Le deiezioni totali prodotte dagli allevamenti avicoli ogni anno sono pari a 50 miliardi di tonnellate, 1000 miliardi quelle dei bovini e 550 milioni di tonnellate quelle prodotte dagli altri animali. Soltanto gli Usa producono 500 milioni di chili al secondo per un totale di oltre 1500 miliardi di tonnellate annue.
I terreni della foresta amazzonica, strappati al loro naturale splendore selvaggio, sono ormai devastati dall’uomo che ogni anno taglia alberi e massacra centinaia di specie animali e vegetali per far diventare quei terreni o pascoli per armenti, destinati alla produzione di hamburger per Paesi già ipercolesterolici, o campi per produrre foraggi per gli allevamenti. L’88% dei terreni disboscati dell’Amazzonia sono stati destinati al pascolo, così come il 70% di quelli panamensi e costaricani, distruggendo il più importante polmone del mondo.
I danni sono irreparabili. La deforestazione distrugge la biodiversità, toglie ossigeno, favorisce i fenomeni di desertificazione, aumenta l’emissione di gas prodotti dagli animali allevati in modo intensivo e ne sacrifica la vita a vantaggio di pochi, con un prezzo pagato invece da molti – uomini e animali - e dalla natura tutta. Occorrono in media più di 16 chili di foraggio per produrre un chilo di carne e, secondo i dati FAO, e dai 1.000 a 2.000 litri d’acqua per produrre un chilo di grano mentre per ottenere la stessa quantità di proteine animali ne servono da 13mila a 15mila litri.

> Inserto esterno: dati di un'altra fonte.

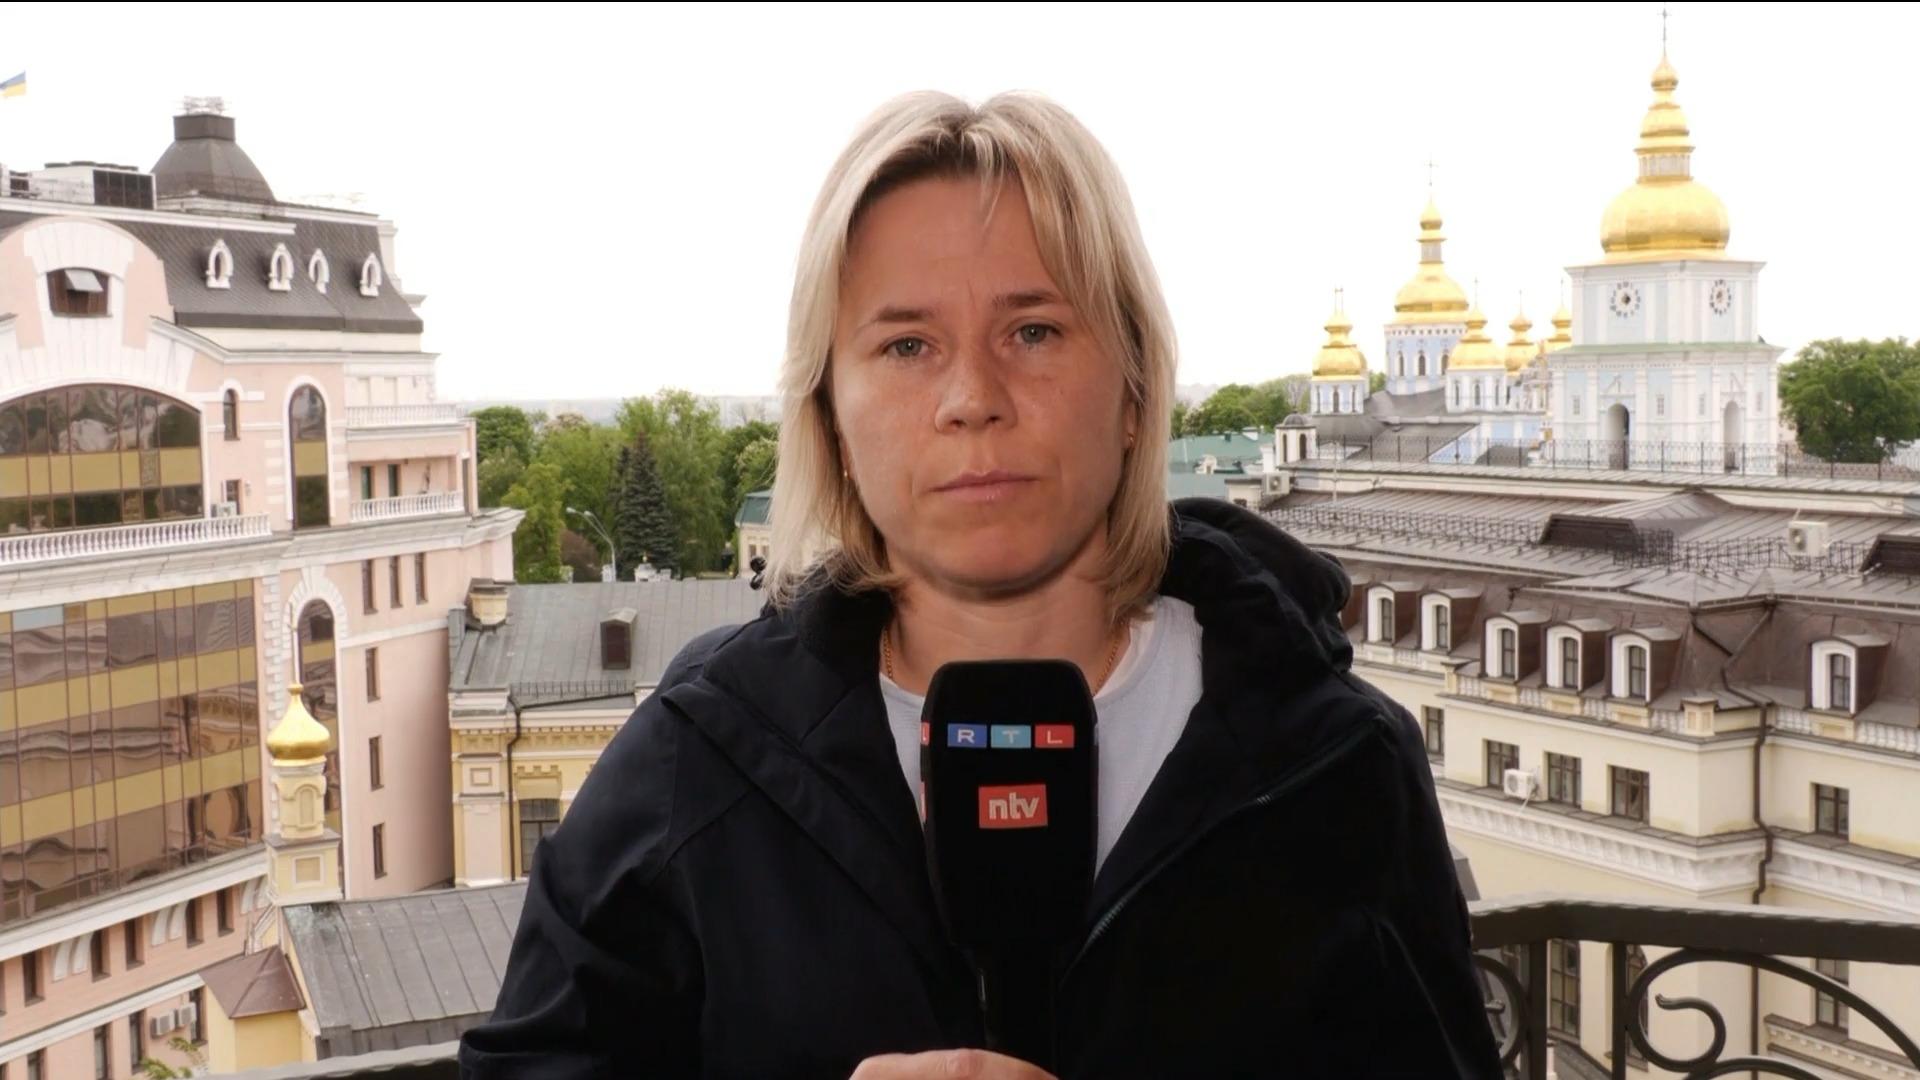 "Geballter Angriff auf Kiew - das ist ungewöhnlich" Callenius zu heftiger Attacke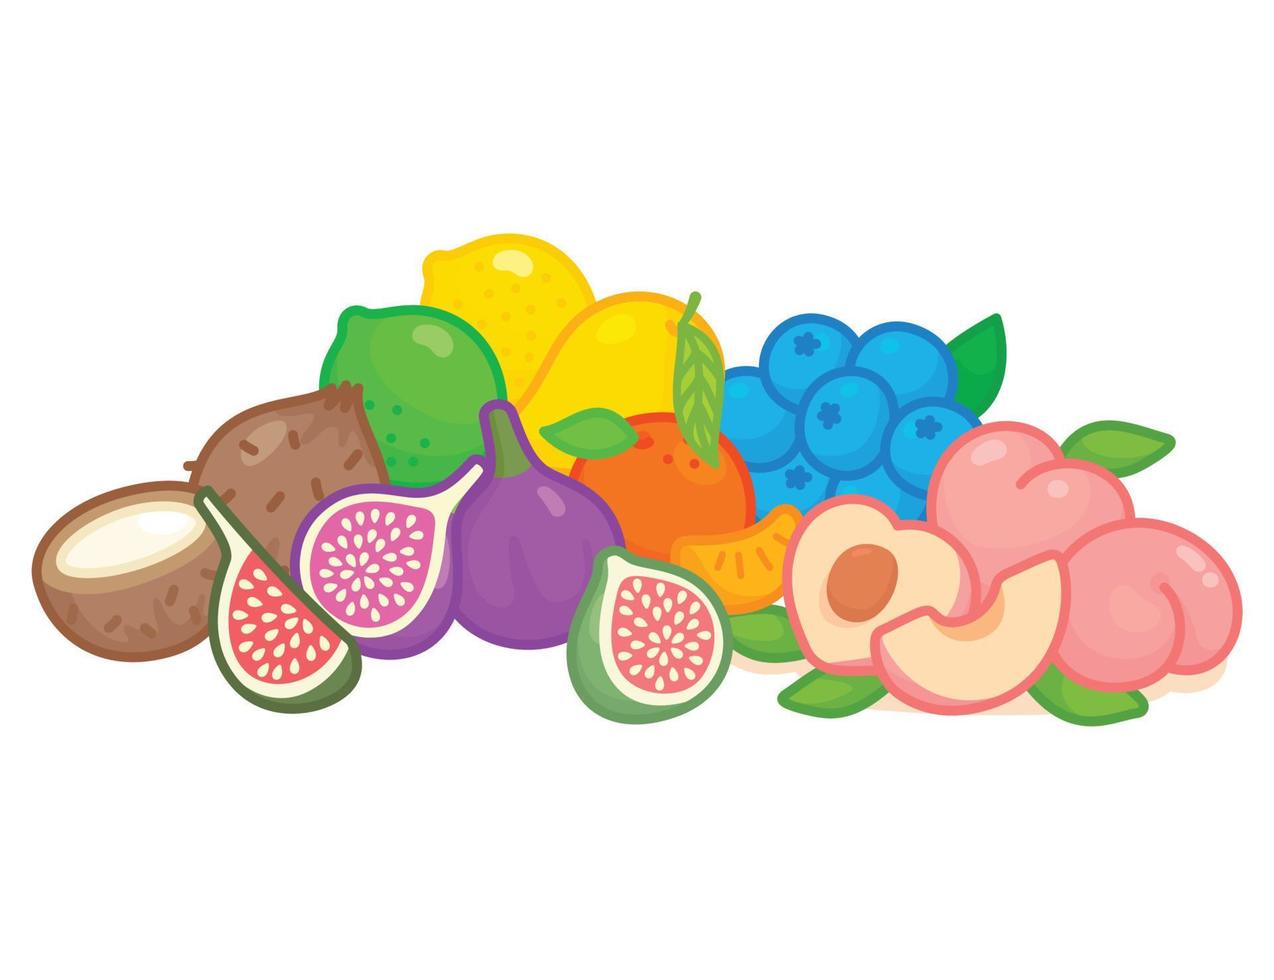 fruits arc-en-ciel kawaii doodle illustration vectorielle de dessin animé plat vecteur

Se tali risorse fossero impiegate per le colture cerealicole e leguminose, probabilmente la fame nel mondo sarebbe solo un ricordo.
Ma non è tutto: negli allevamenti gli animali vengono bombardati con massicce dosi di antiobiotici che finiscono per entrare nella catena alimentare dell’uomo (soltanto in Europa se ne consumano ogni anno 5mila kg), determinando i pericolosissimi fenomeni di antibiotico-resistenza.
«I motivi alla base della scelta vegana o vegetariana non sono legati soltanto al dovuto rispetto per gli animali o ragioni dietetico – salutiste», commenta il direttore scientifico dell’Enpa, Ilaria Ferri, che prosegue: «Il rispetto per la vita tutta e l’obiettivo di realizzare un mondo più equo passano per una scelta che ormai ci rende cittadini più consapevoli, più capaci di valutare che i nostri comportamenti hanno impatti e ripercussioni globali».
Tra le diete vegetariane quella vegana (senza carne, pesce, uova, formaggi e derivati) è espressione di un profondo rispetto per l’ambiente e la natura. Il futuro della Terra e la sua sopravvivenza sono legati indissolubilmente al rispetto essenziale di tutti quegli equilibri interconnessi tra loro, ad iniziare da ciò che consumiamo, a tavola e non. Decidere di diventare vegetariani e poi vegani fa bene non soltanto a noi stessi ma anche agli animali e a tutti quei popoli che -a causa del consumo sfrenato imperante nell’altra metà del mondo- diventano sempre più poveri.